Below are lines of data; restate word for word those running from the line containing "Coleman Sleeping Bag" to the line containing "Apron-Front Kitchen Sink", inclusive, and no others.

Entries provided: Begin

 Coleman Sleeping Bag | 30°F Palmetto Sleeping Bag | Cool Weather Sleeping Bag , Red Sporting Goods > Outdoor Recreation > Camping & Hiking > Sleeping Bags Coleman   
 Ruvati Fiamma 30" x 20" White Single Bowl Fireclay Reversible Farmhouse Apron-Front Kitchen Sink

Entries provided: End
Entries provided: Begin

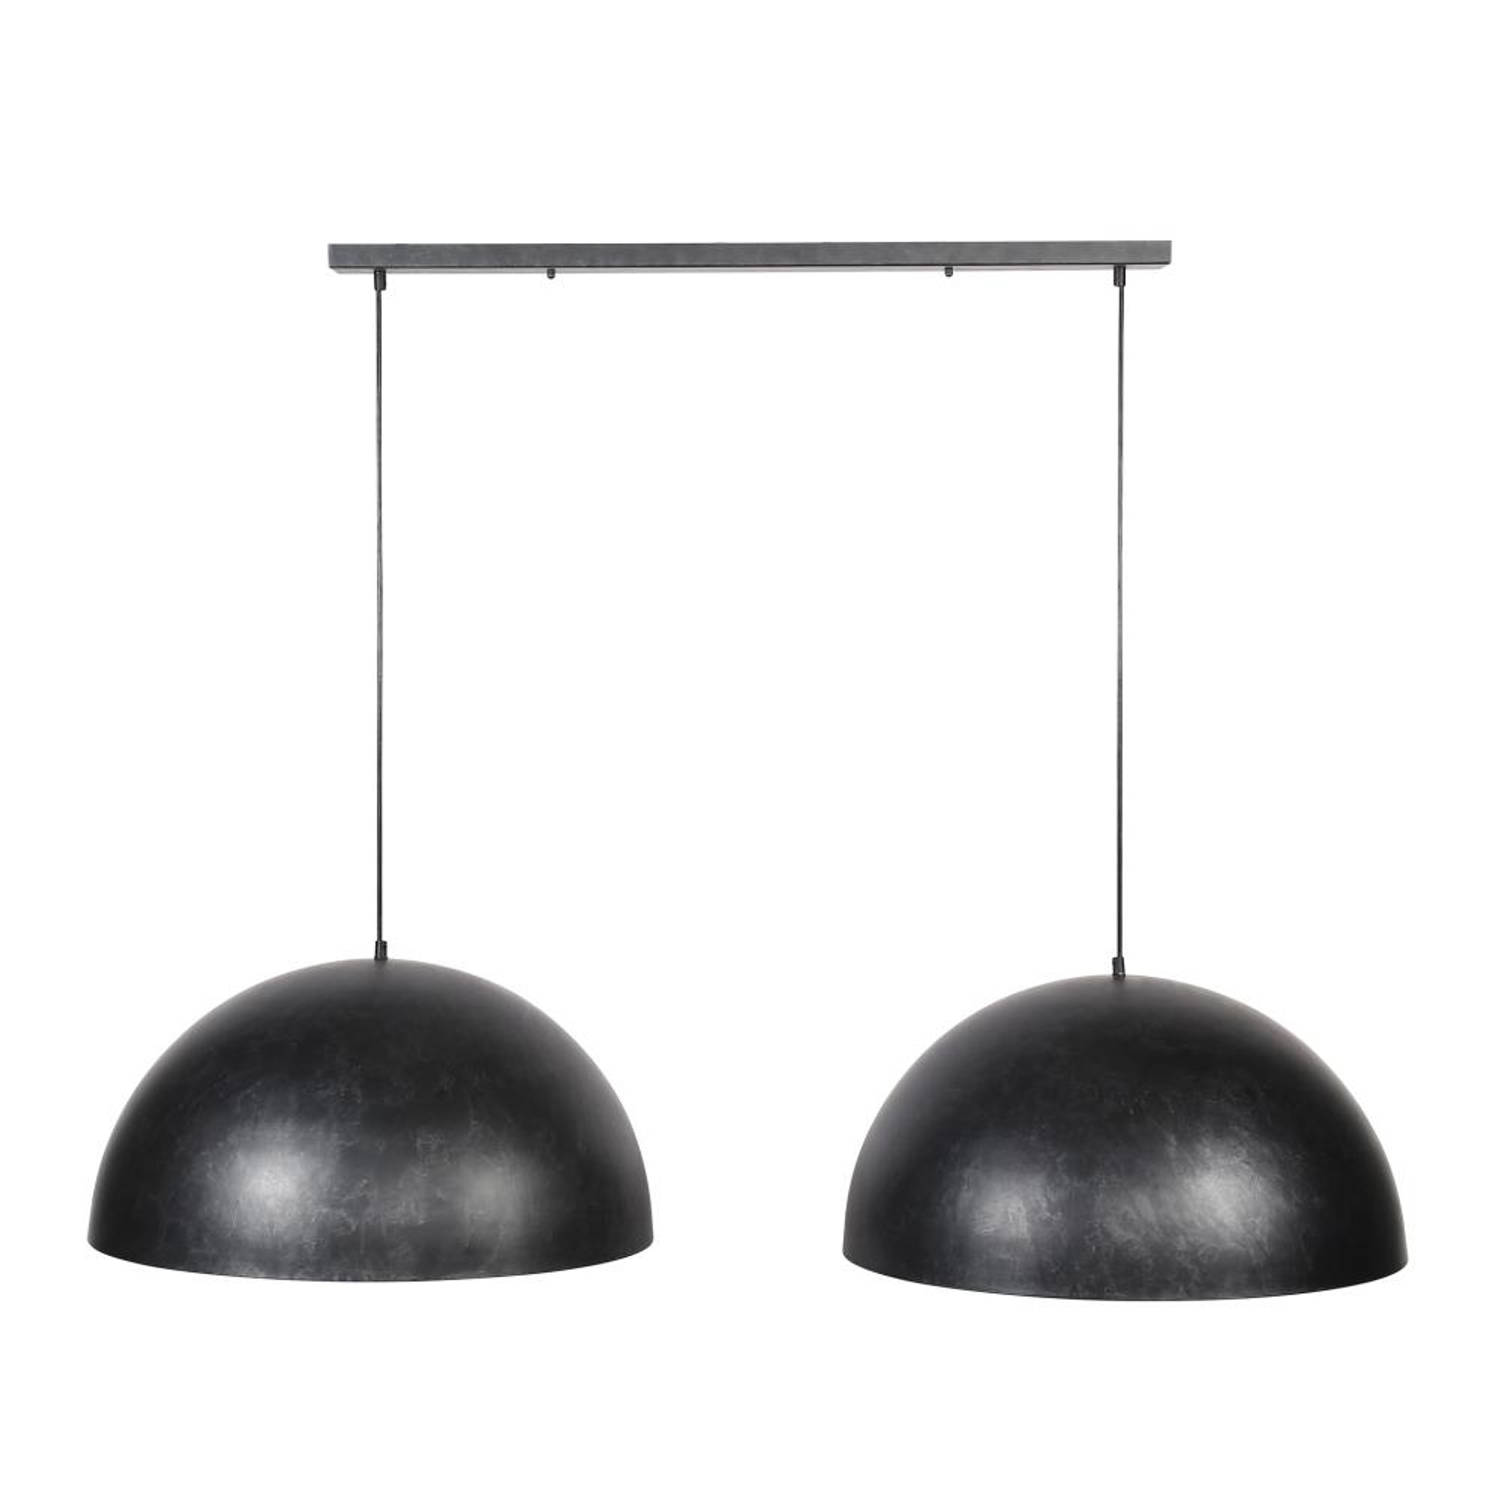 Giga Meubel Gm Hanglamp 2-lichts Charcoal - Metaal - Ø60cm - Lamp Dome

Entries provided: End
Entries provided: Begin

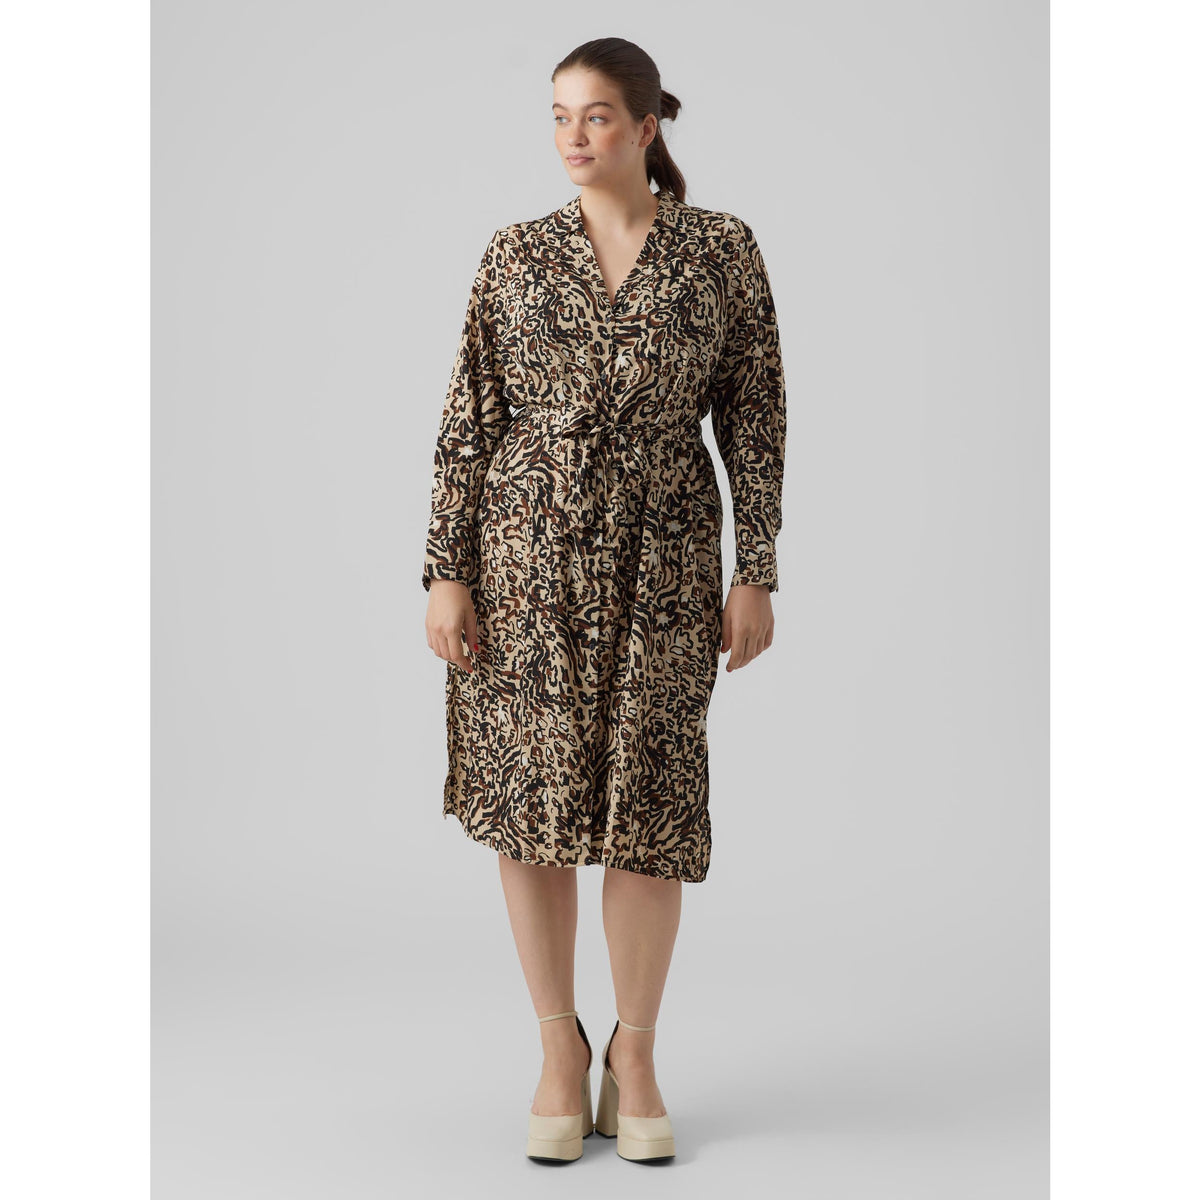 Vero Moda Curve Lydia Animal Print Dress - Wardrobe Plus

Entries provided: End

Response to the exercise:
 Coleman Sleeping Bag | 30°F Palmetto Sleeping Bag | Cool Weather Sleeping Bag , Red Sporting Goods > Outdoor Recreation > Camping & Hiking > Sleeping Bags Coleman   
 Ruvati Fiamma 30" x 20" White Single Bowl Fireclay Reversible Farmhouse Apron-Front Kitchen Sink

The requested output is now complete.